Department of Rheumatology, Faculty of Medicine, Marmara University, İstanbul, Turkey
Department of Pulmonary and Critical Care Medicine, Faculty of Medicine, Marmara University, İstanbul, Turkey
Turk J Med Sci. 2021 Aug 30;51(4):1689-1694. doi: 10.3906/sag-2010-311.
BACKGROUND/AIM: Tumor necrosis factor-alfa (TNF-a) antagonists are extensively utilized in the treatment of inflammatory rheumatic diseases and also shown to be effective in Behçet’s disease (BD) patients with major organ involvement. In this study, we aimed to re- evaluate the incidence of tuberculosis (TB) infection after anti-TNFa treatments and to reveal the risk of TB in BD.
Data of patients who received anti-TNFa treatment between 2005 and 2018 were assessed retrospectively. Demographic features, TNF-a antagonist type/treatment time, tuberculosis skin test (TST) and QuantiFERON results, isoniazid prophylaxis status, and concomitant corticosteroid (CS) treatments were collected.
A total of 1277 (male/female = 597/680; median age = 49 years) patients were treated with TNF-a antagonist for a median of 33 months (Q1:12, Q3:62). Thirteen (1%) patients developed TB during the follow-up period. Within 13 TB-positive patients, 7 of them had pulmonary, and 7 had extrapulmonary TB. Although, the median time of (month) TNF-a antagonist treatment was higher in TB-positive patients than negative ones, the difference was not statistically significant (48 and 33 months, respectively, p = 0.47). Similarly, TB-positive patients were treated with CSs more than TB-negative patients (80% vs. 60%). Time from the initiation of TNF-a antagonist treatment to the diagnosis of TB had a median of 40 months (Q1-Q3: 22-56). There was a statistically significant increase of TB development in BD patients than non-BD patients after TNF-a antagonists (7.5% vs. 0.8%, respectively, p = 0.007). When we combined our patients with the other series from Turkey, among 12928 patients who received TNF-a antagonists, TB was positive in 12 (3.9%) of 305 BD patients compared to 112 (0.9%) of 12623 non-BD patients (p < 0.00001).

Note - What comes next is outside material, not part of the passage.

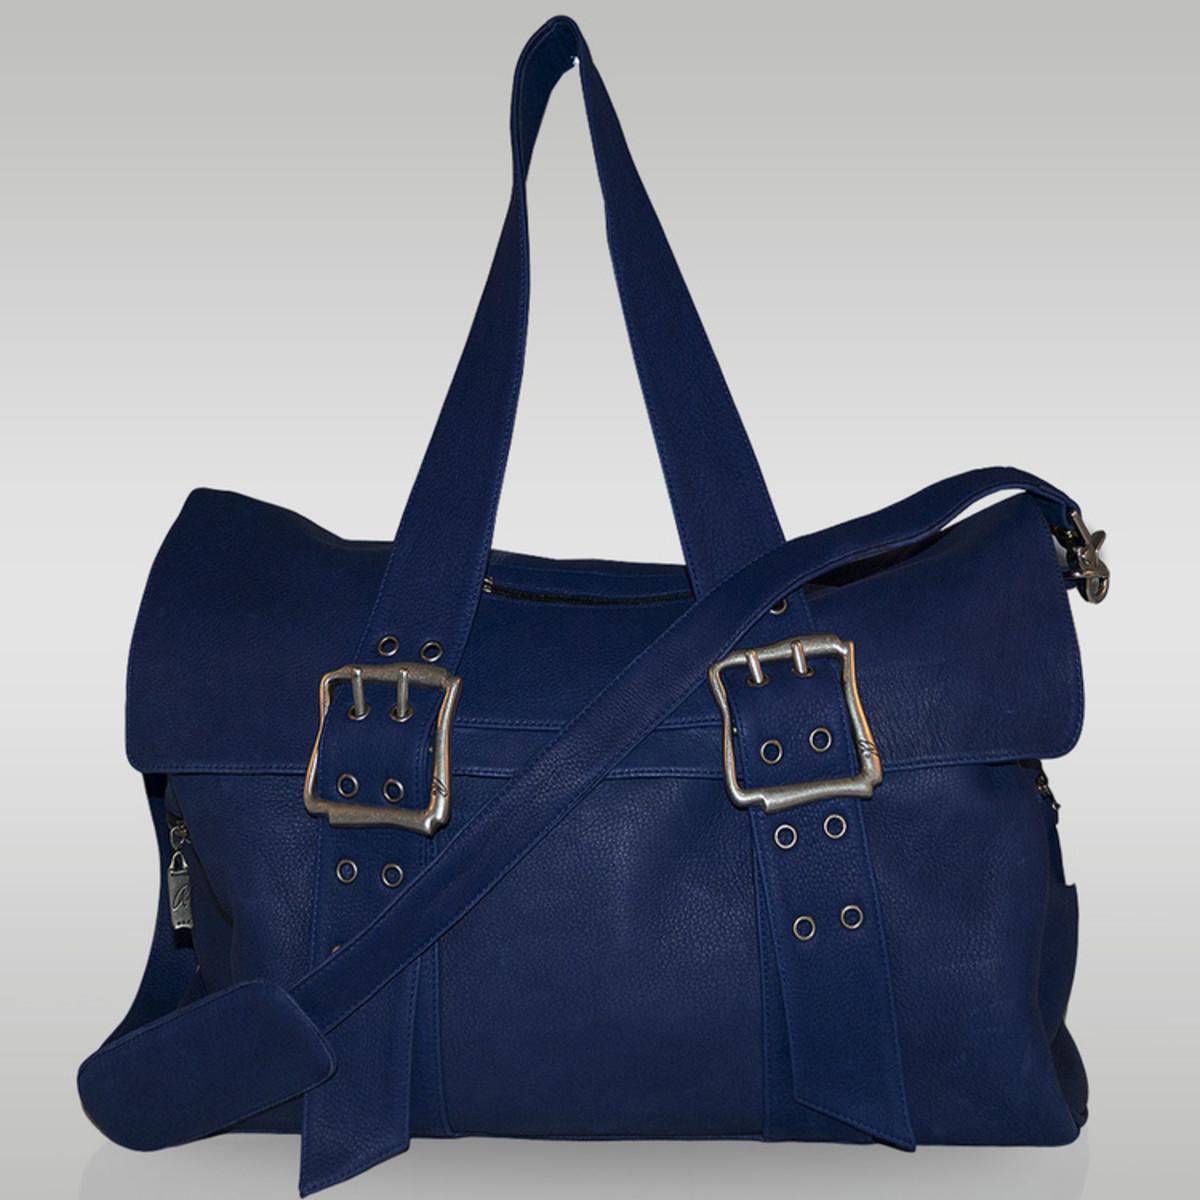 0000612_padua-travel-duffle-bag-in-blue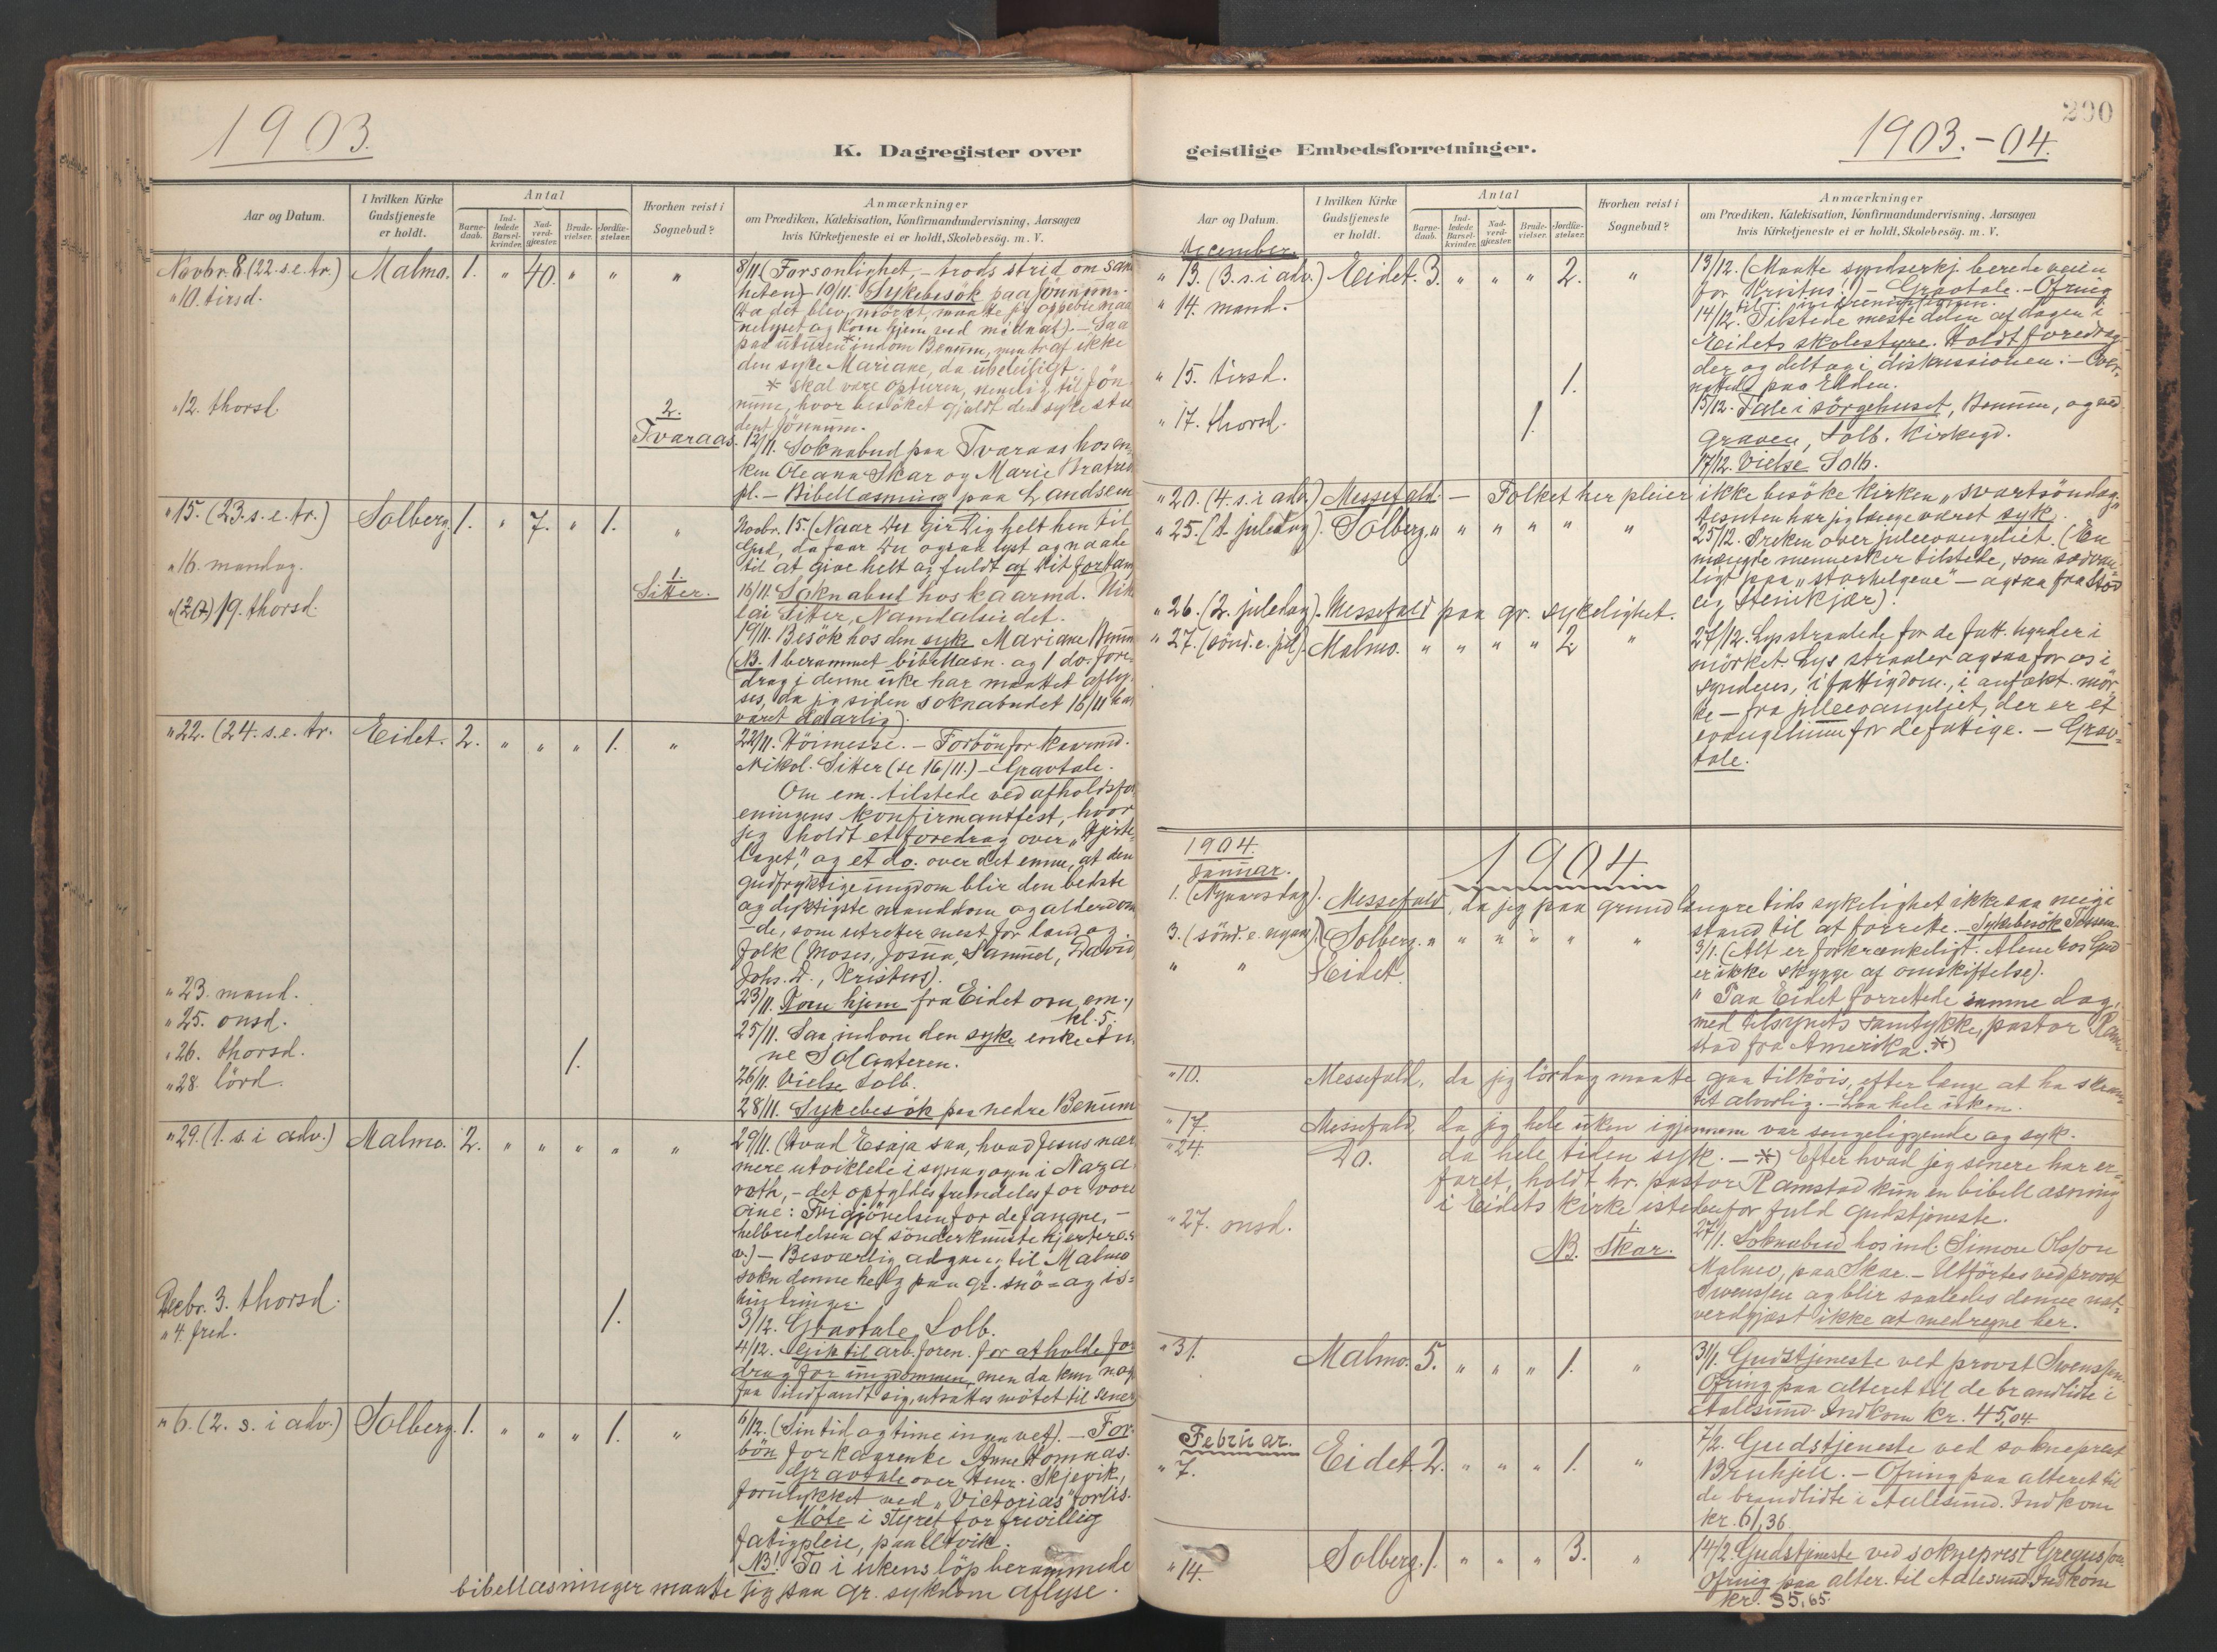 SAT, Ministerialprotokoller, klokkerbøker og fødselsregistre - Nord-Trøndelag, 741/L0397: Ministerialbok nr. 741A11, 1901-1911, s. 200

Our results suggest a higher frequency of TB infections in BD patients with TNF-a antagonists. As biologic agents are increasingly used for major organ involvement in current practice for BD, screening mechanisms should be carefully implemented.
背景/目的:肿瘤坏死因子-α(TNF-α)拮抗剂广泛用于治疗炎症性风湿病,并且在有重要器官受累的贝赫切特病(BD)患者中也显示出有效性。在这项研究中,我们旨在重新评估抗 TNF-α治疗后结核(TB)感染的发生率,并揭示 BD 中 TB 的风险。
回顾性评估了 2005 年至 2018 年间接受抗 TNF-α治疗的患者的数据。收集了人口统计学特征、TNF-α拮抗剂类型/治疗时间、结核菌素皮肤试验(TST)和 QuantiFERON 结果、异烟肼预防状况以及同时使用皮质类固醇(CS)治疗的情况。
共 1277 名(男/女=597/680;中位年龄=49 岁)患者接受 TNF-α拮抗剂治疗,中位时间为 33 个月(Q1:12,Q3:62)。在随访期间,有 13 名(1%)患者发生 TB。在 13 名 TB 阳性患者中,有 7 名患有肺部 TB,7 名患有肺外 TB。尽管 TB 阳性患者的 TNF-α拮抗剂治疗时间中位数高于阴性患者,但差异无统计学意义(分别为 48 和 33 个月,p=0.47)。同样,TB 阳性患者接受 CS 的治疗多于 TB 阴性患者(80% vs. 60%)。从开始 TNF-α拮抗剂治疗到诊断 TB 的时间中位数为 40 个月(Q1-Q3:22-56)。BD 患者在接受 TNF-α拮抗剂治疗后发生 TB 的比例明显高于非 BD 患者(分别为 7.5%和 0.8%,p=0.007)。当我们将我们的患者与土耳其的其他系列研究合并时,在接受 TNF-α拮抗剂治疗的 12928 名患者中,TB 阳性的 305 名 BD 患者中有 12 名(3.9%),而 12623 名非 BD 患者中有 112 名(0.9%)(p<0.00001)。
我们的结果表明,BD 患者使用 TNF-α拮抗剂后,TB 感染的频率更高。由于生物制剂在当前 BD 中对主要器官受累的治疗中越来越多地使用,应谨慎实施筛查机制。